- Exercise -
What is needed is a verbatim copy of the data, minus the pictures.

- Information shown -
※ ※ ※

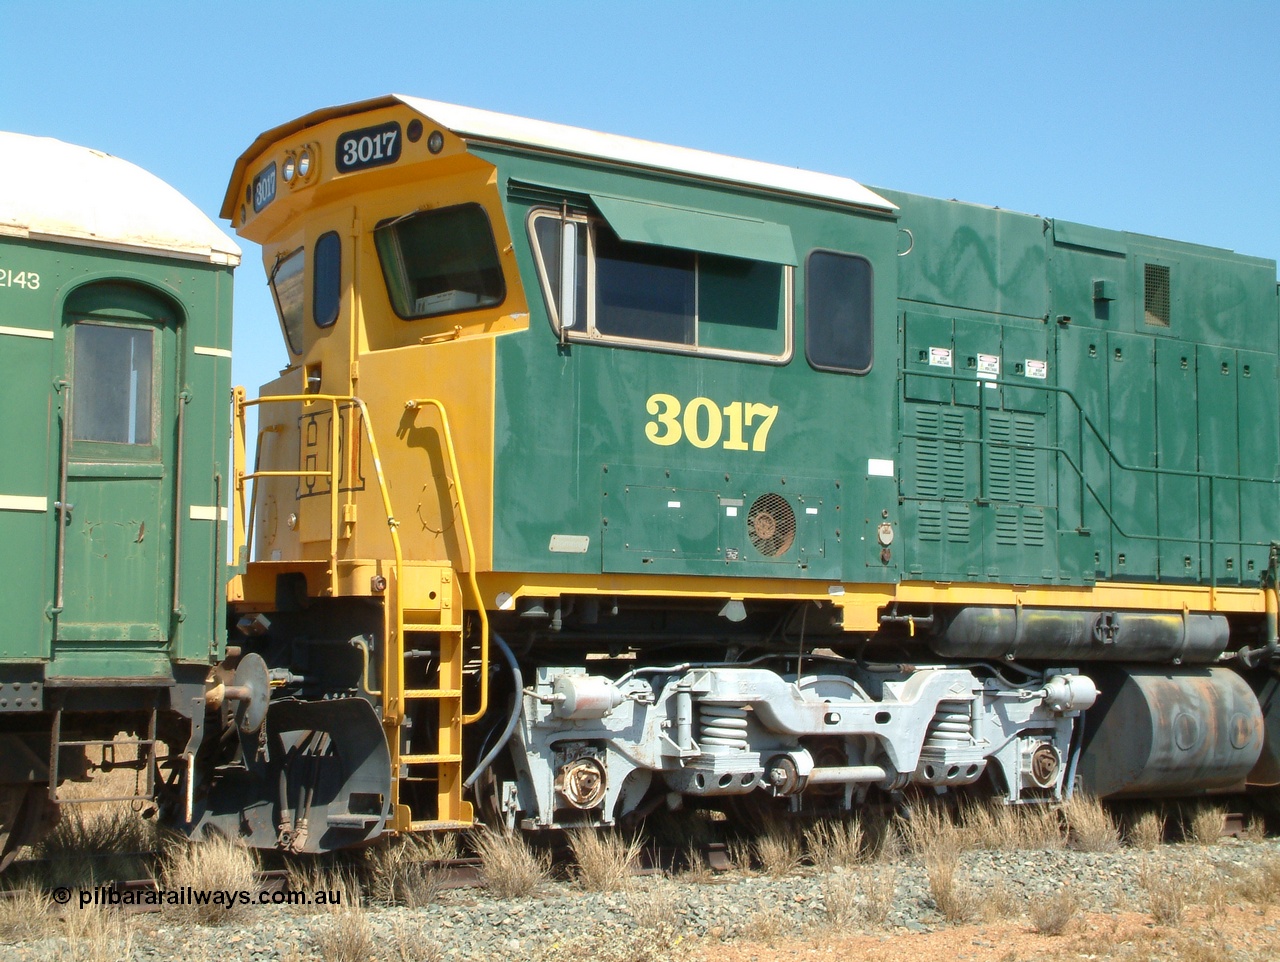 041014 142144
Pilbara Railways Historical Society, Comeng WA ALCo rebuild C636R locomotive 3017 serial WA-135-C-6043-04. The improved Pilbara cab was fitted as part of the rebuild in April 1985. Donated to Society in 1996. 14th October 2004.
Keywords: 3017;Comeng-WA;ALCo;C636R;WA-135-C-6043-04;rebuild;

※ ※ ※

- Written response -
 041014 142144
Pilbara Railways Historical Society, Comeng WA ALCo rebuild C636R locomotive 3017 serial WA-135-C-6043-04. The improved Pilbara cab was fitted as part of the rebuild in April 1985. Donated to Society in 1996. 14th October 2004.
Keywords: 3017;Comeng-WA;ALCo;C636R;WA-135-C-6043-04;rebuild;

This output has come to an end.